NAME
TaskPipe::Task_Scrape - Base TaskPipe class for scraping a webpage
DESCRIPTION
This is the standard building block for creating a webpage-scraping task. To do this inherit from Task::Scrape using the following package format:
package TaskPipe::Task_Scrape_MyScraper;
use Moose;
use Web::Scraper;
extends 'TaskPipe::Task_Scrape';
has test_pinterp => (is => 'ro', isa => 'ArrayRef[HashRef], default => sub{[
{
url => 'https://www.example.com/some-test-url',
headers => {
Referer => 'https://www.example.com/some-referer-url'
}
}
]});
has ws => (is => 'ro', isa => 'Web::Scraper', default => sub{
scraper {
process 'div.some-class', 'results' => 'TEXT';
result 'results'
}
});
sub post_process { # may or may not be necessary, depending
# on what is returned by ws
my ($self,$results) = @_;
# do something with the results returned from the web scraper
return $results;
}
test_pinterp
allows you to specify test data which you can run the task against by typing
taskpipe test task --name=Scrape_MyScraper
at the command line.
It is assumed you want to use a Web::Scraper to scrape your page. If this is the case, just define a ws
attribute as above. See the Web::Scraper manpage for more information on how to define a Web::Scraper.
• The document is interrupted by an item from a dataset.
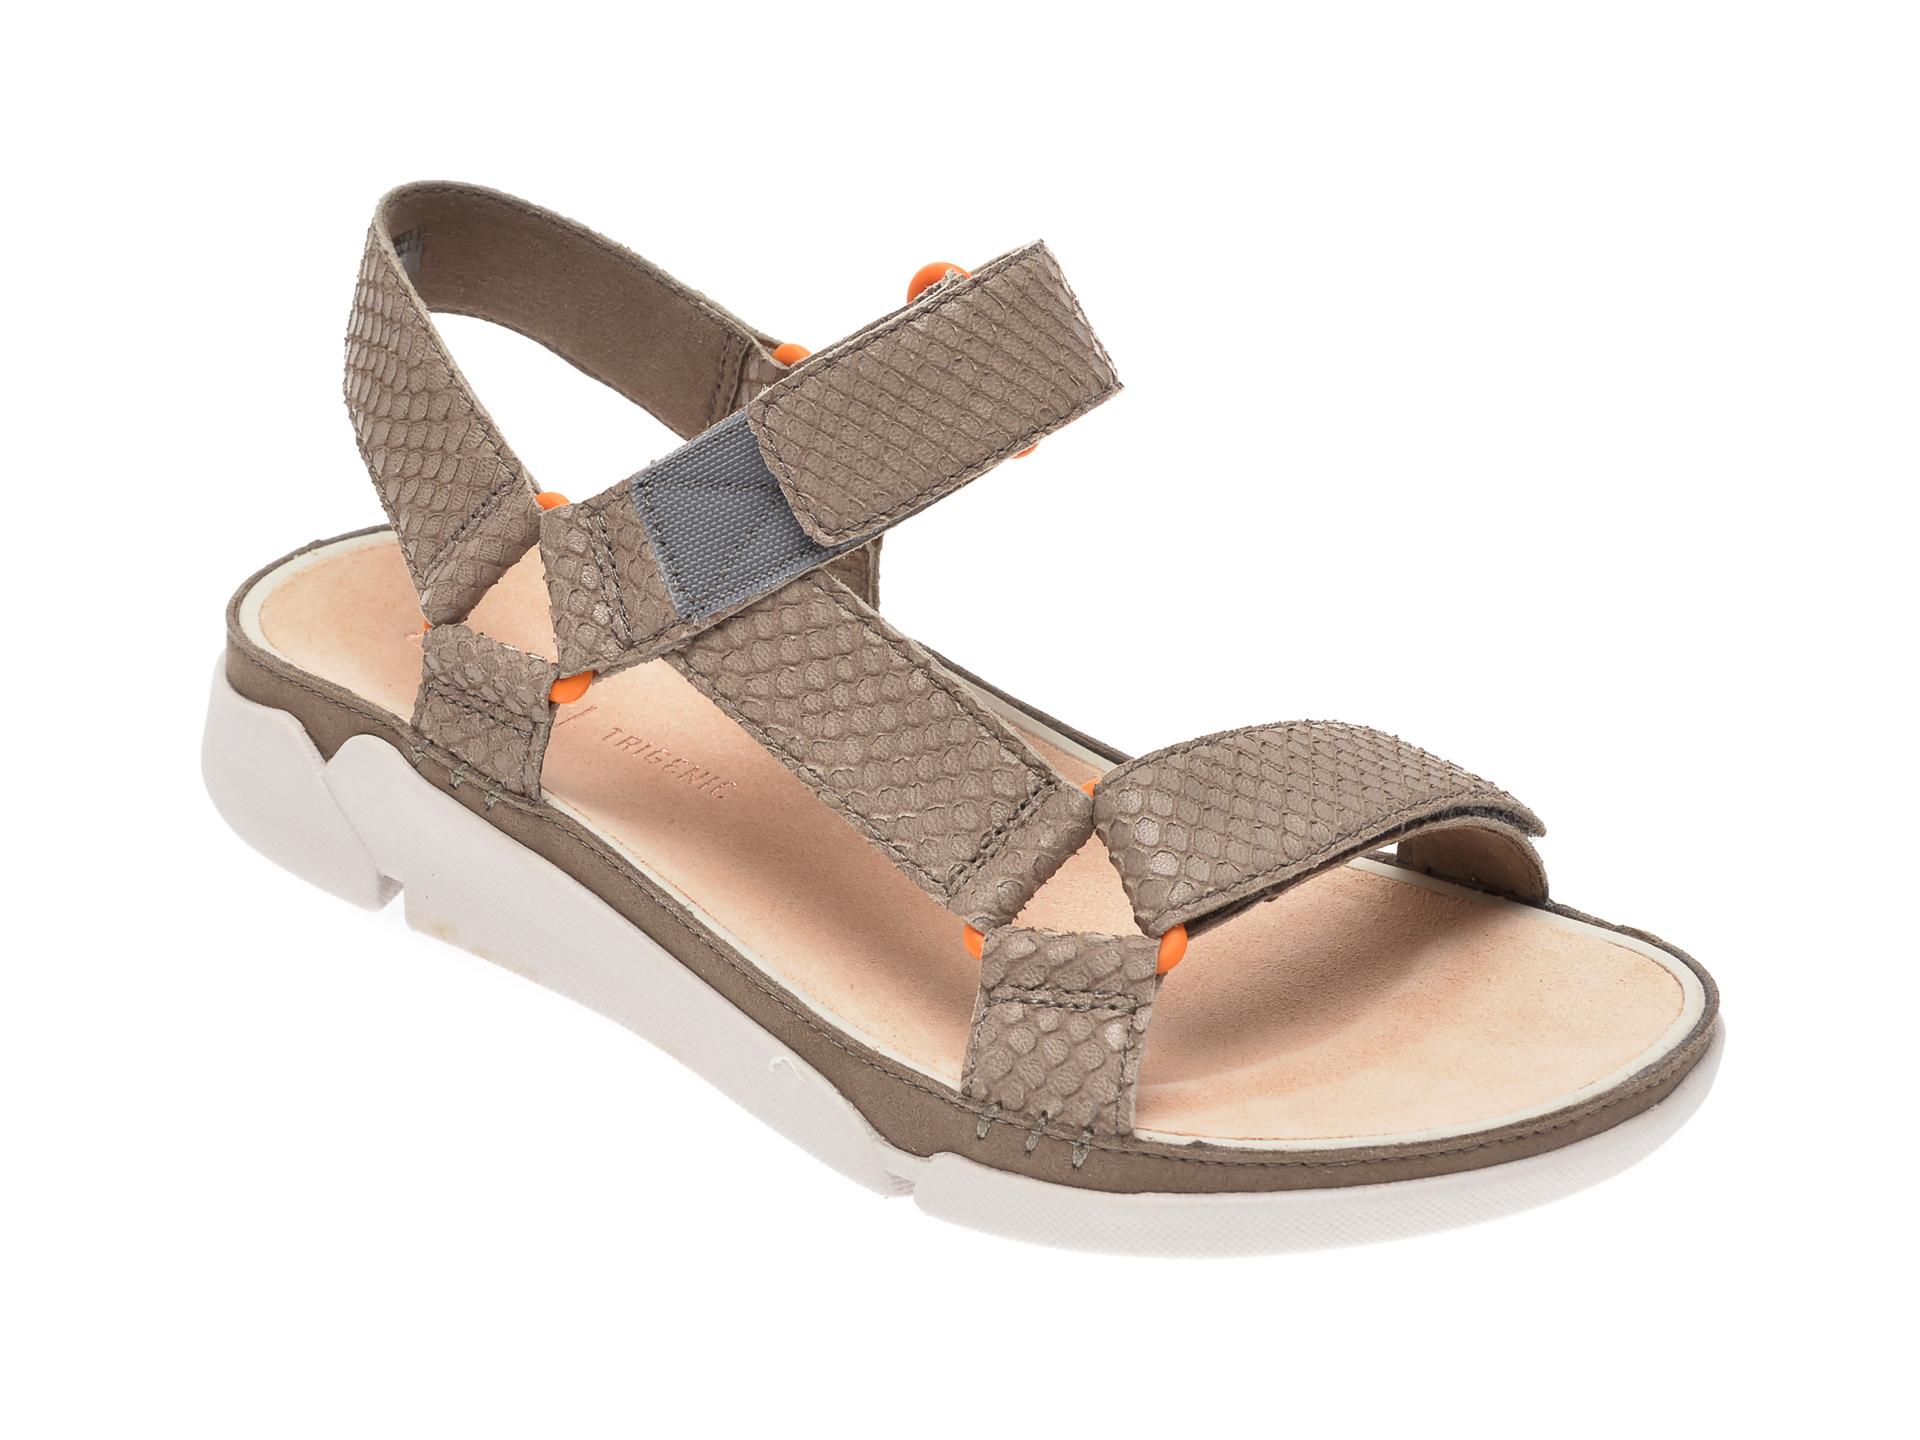 Sandale CLARKS nude, Lafley Lily, din piele naturala si material textil

Your task needs to return an arrayref of results (each result being a hashref). It's great if you can get ws
to return this directly. Sometimes it is not possible to persuade your Web::Scraper to return results in this format. To make format corrections (remove records from the data etc) you can include a post_process
subroutine. post_process
receives the output from ws. Do what is needed, and make sure you return your results
arrayref at the end.
AUTHOR
Tom Gracey <tomgracey@gmail.com>
COPYRIGHT AND LICENSE
Copyright (c) Tom Gracey 2018
TaskPipe is free software, licensed under
The GNU Public License Version 3